- **Data provided**:
########################################

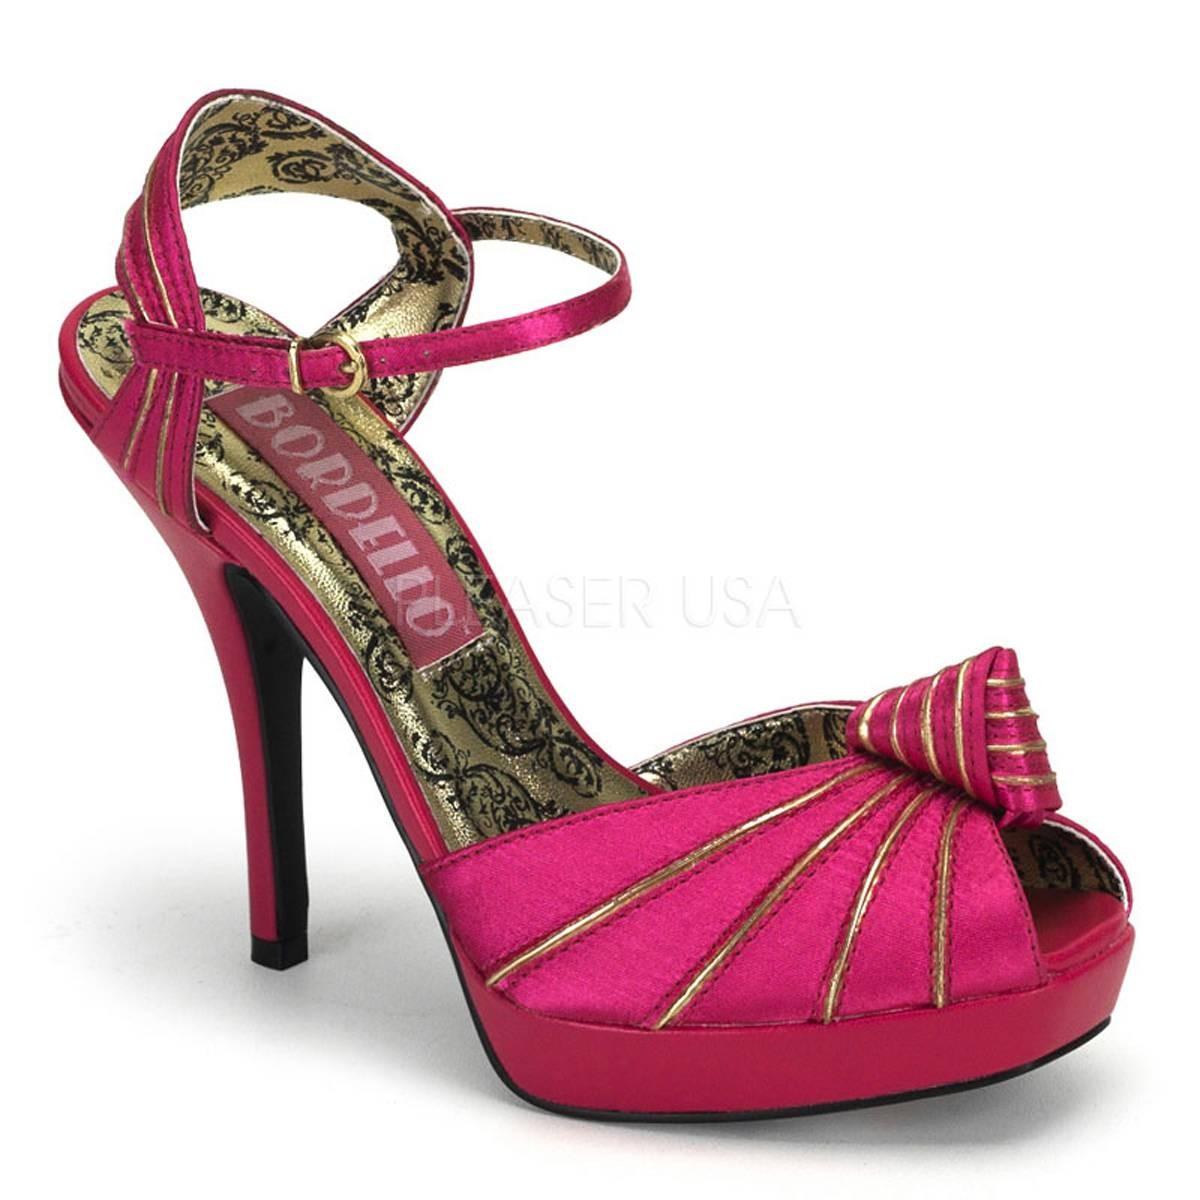 Highheels für Frauen - PREEN 16 ° Damen Peep Toe Sandalette ° Pink Gold Satin ° Bordello  - Onlineshop RedSixty
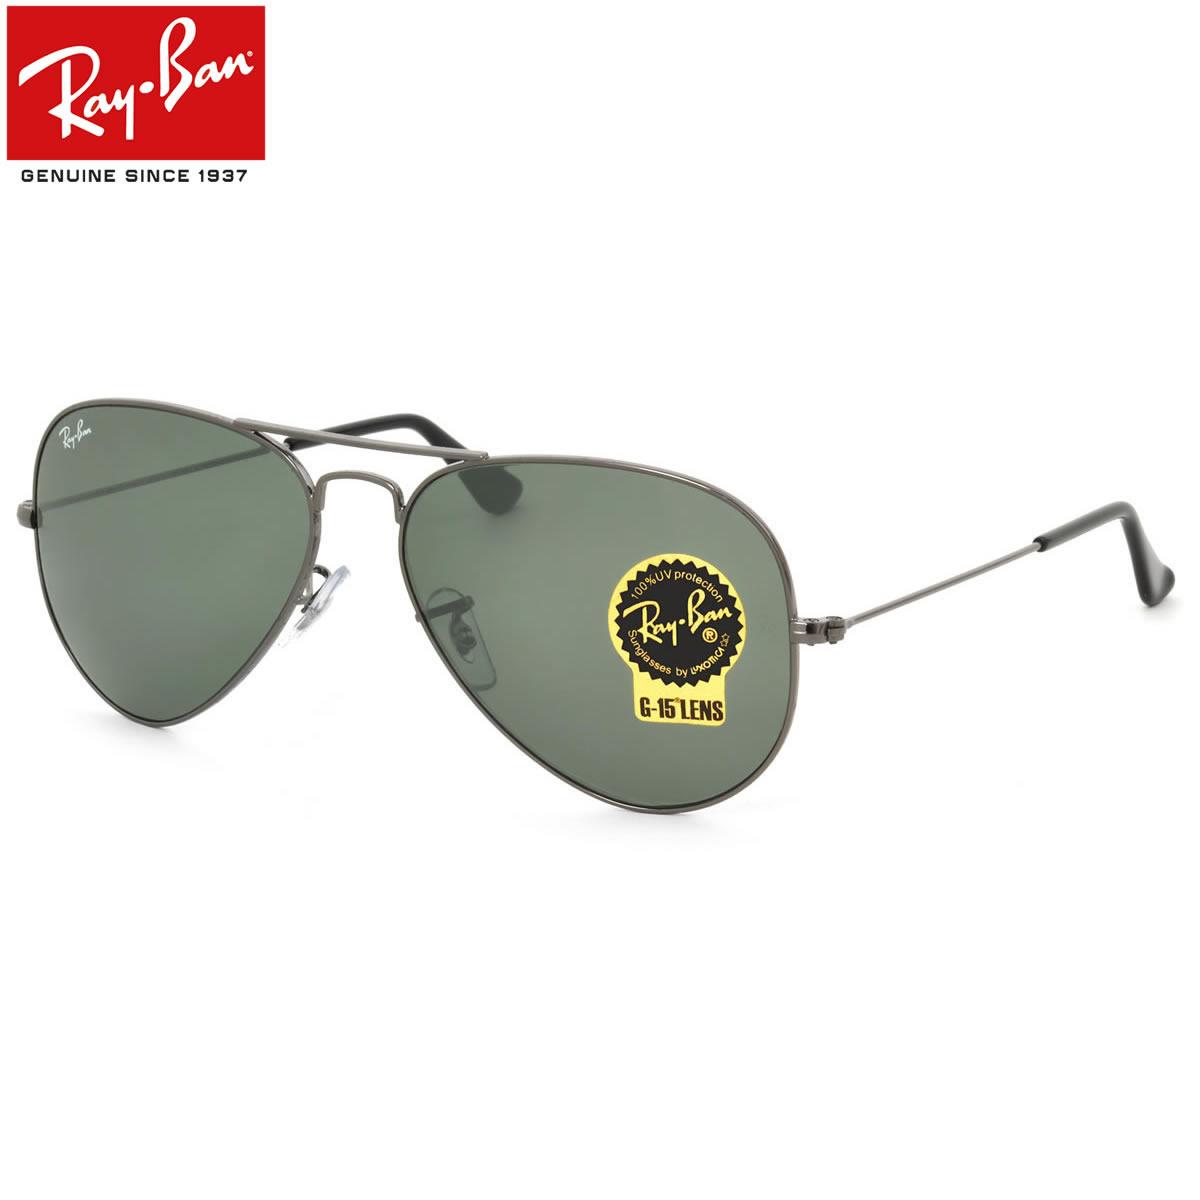 ray ban aviator 3025 price in pakistan
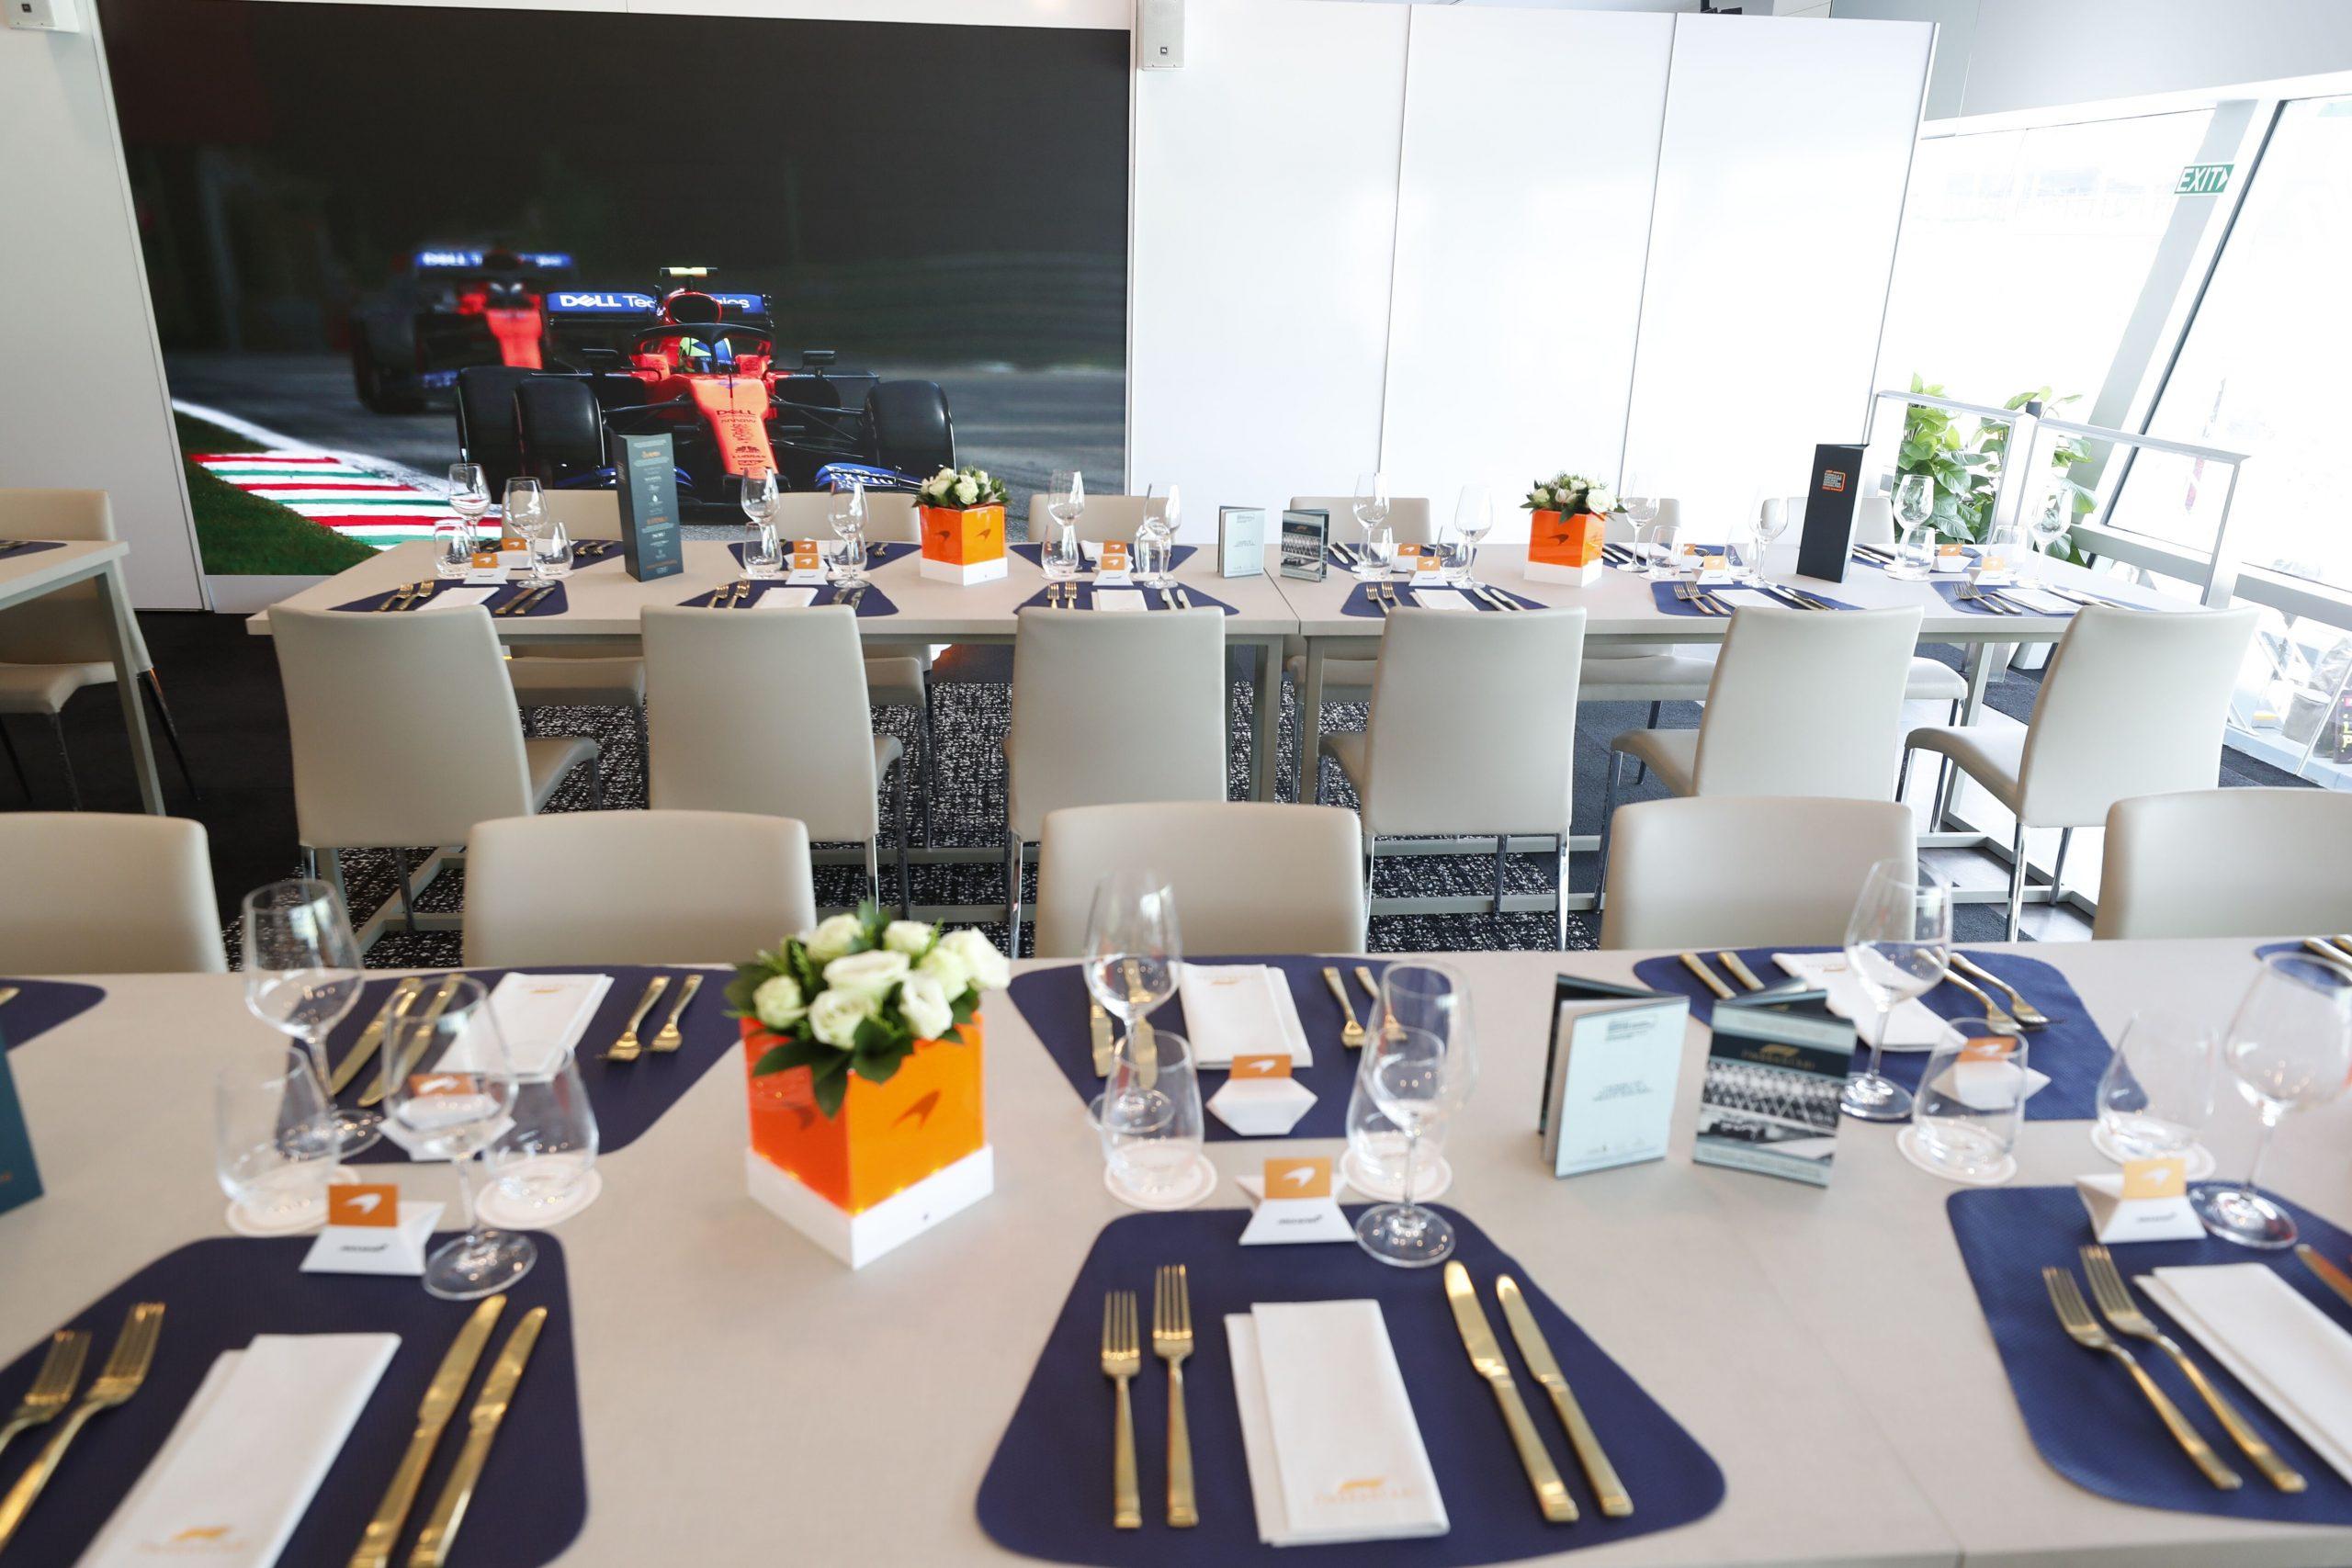 Paddock Club-McLaren

########################################

- **Task**:
Please print the data above once more, exactly and without images.

- **Written reply**:
 Highheels für Frauen - PREEN 16 ° Damen Peep Toe Sandalette ° Pink Gold Satin ° Bordello  - Onlineshop RedSixty
 ray ban aviator 3025 price in pakistan
 Paddock Club-McLaren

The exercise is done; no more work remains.